International Narcotics Control Board Confronting Legalization
March 2, 2020 (EIRNS)—The International Narcotics Control Board has released their annual report for 2019, and they find themselves confronting a new problem: drug legalization. Headquartered in Vienna, the board, an “independent, quasi-judicial expert” body established to monitor the enforcement of United Nations drug policies, traces its history back to the League of Nations.

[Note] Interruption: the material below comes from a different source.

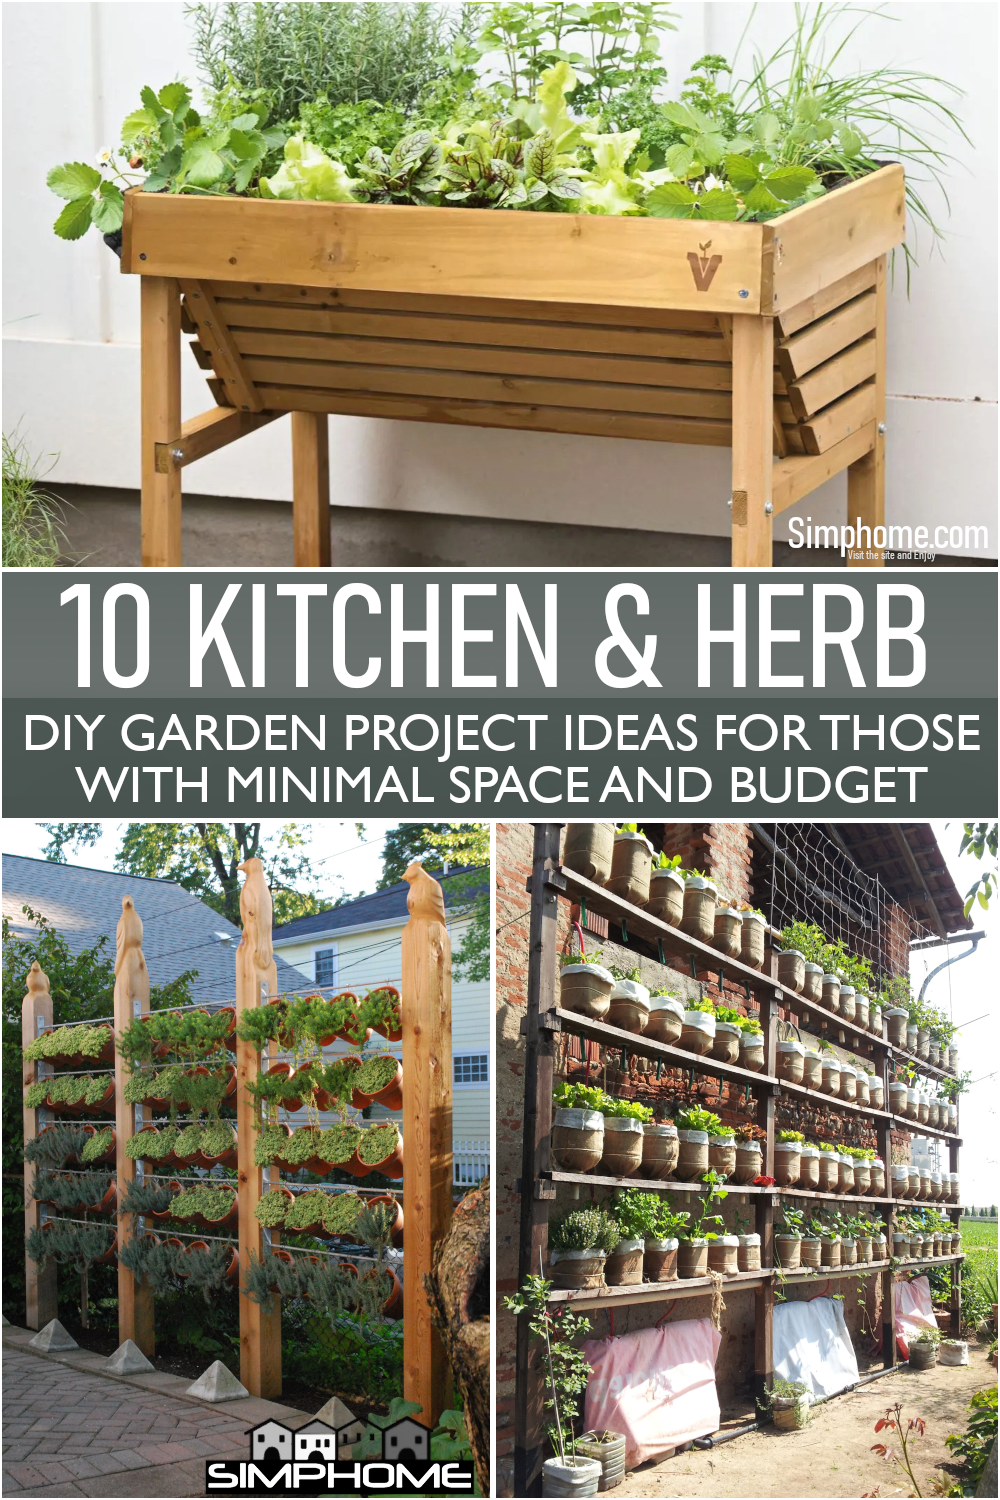 This is awesome Kitchen Garden and Herb Garden Idea via Simphome.com
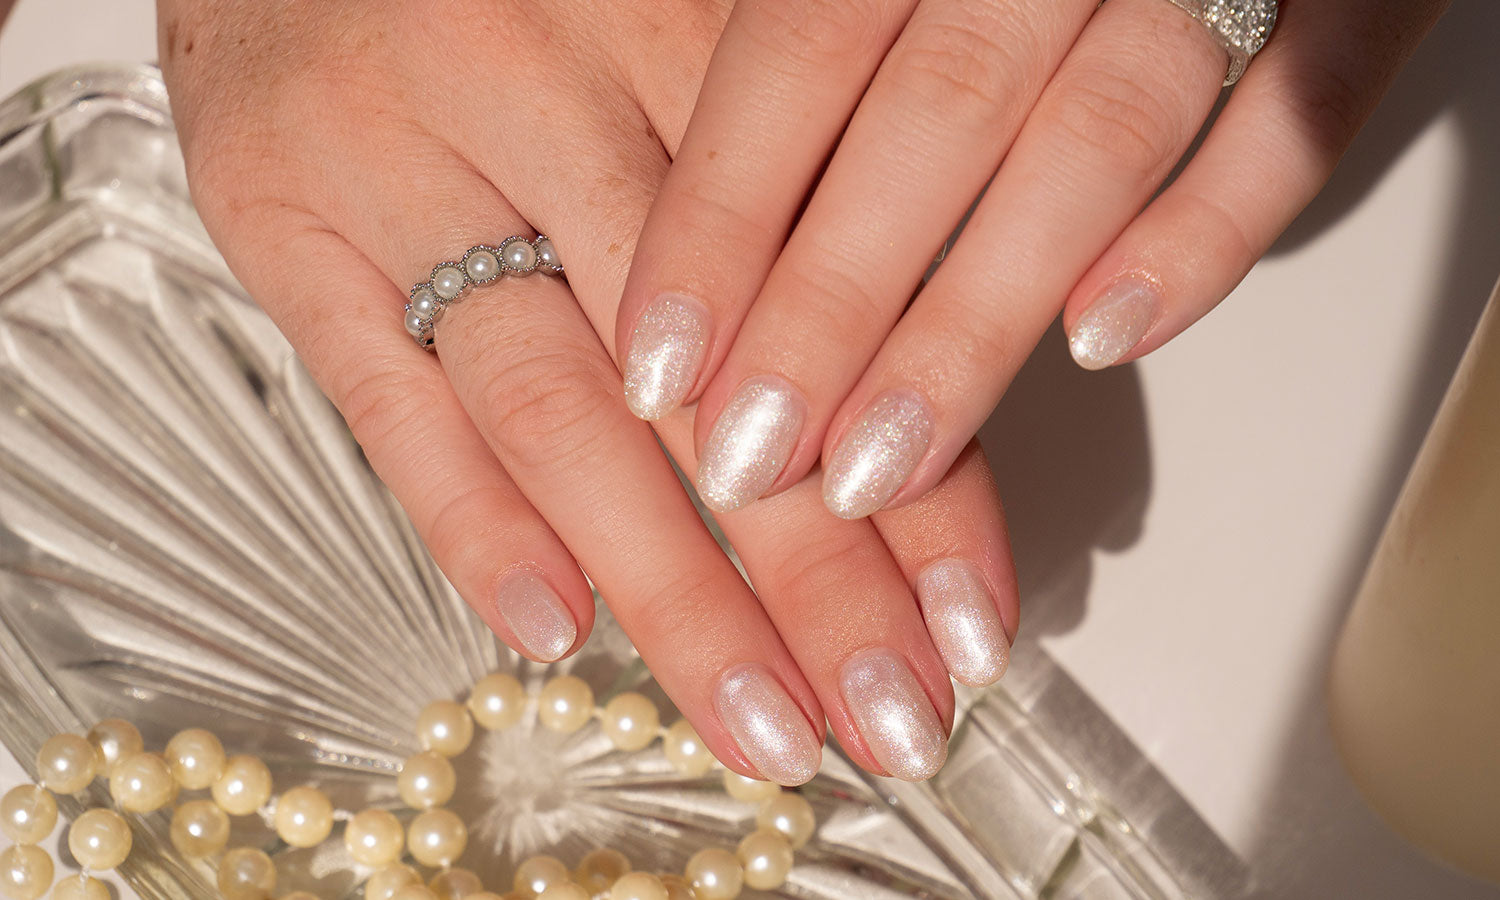 Gelous Pearlescent Moonstone gel nail polish - photographed in Australia on model

Each year, the report highlights a topic for special consideration, the 2019 topic being “Improving Substance Use Prevention and Treatment Services for Young People.” While the 146-page report covers the entirety of the illegal drug spectrum, the crisis of legalization can be seen in that, after the featured topic, “cannabis” is topic number two.
“The board notes with concern the legalization of cannabis for non-medical and non-scientific purposes in several jurisdictions and that other jurisdictions are considering taking similar action,” the report says, reiterating that UN conventions, from 1961, 1971 and 1988, all “limit the use of all controlled substances to medical and scientific purposes.” The spreading of legalization efforts worldwide “undermin[es] the universal adherence” to the three international drug control conventions, which were again reaffirmed at the 2016 and 2019 UN General Assemblies.
Under the topic of “Recommendations,” the board “calls upon governments which have legalized the drug, all or in part, “to take steps to bring the entirety of their territories back into compliance with international conventions.”
The INCB has been battling the Dope, Inc. legalization forces since 2003, when the British Empire government of Tony Blair, in its first move toward legalization, “reclassified” cannabis from a Class B to a Class C drug—still illegal, but reduced jail time—based on “science.”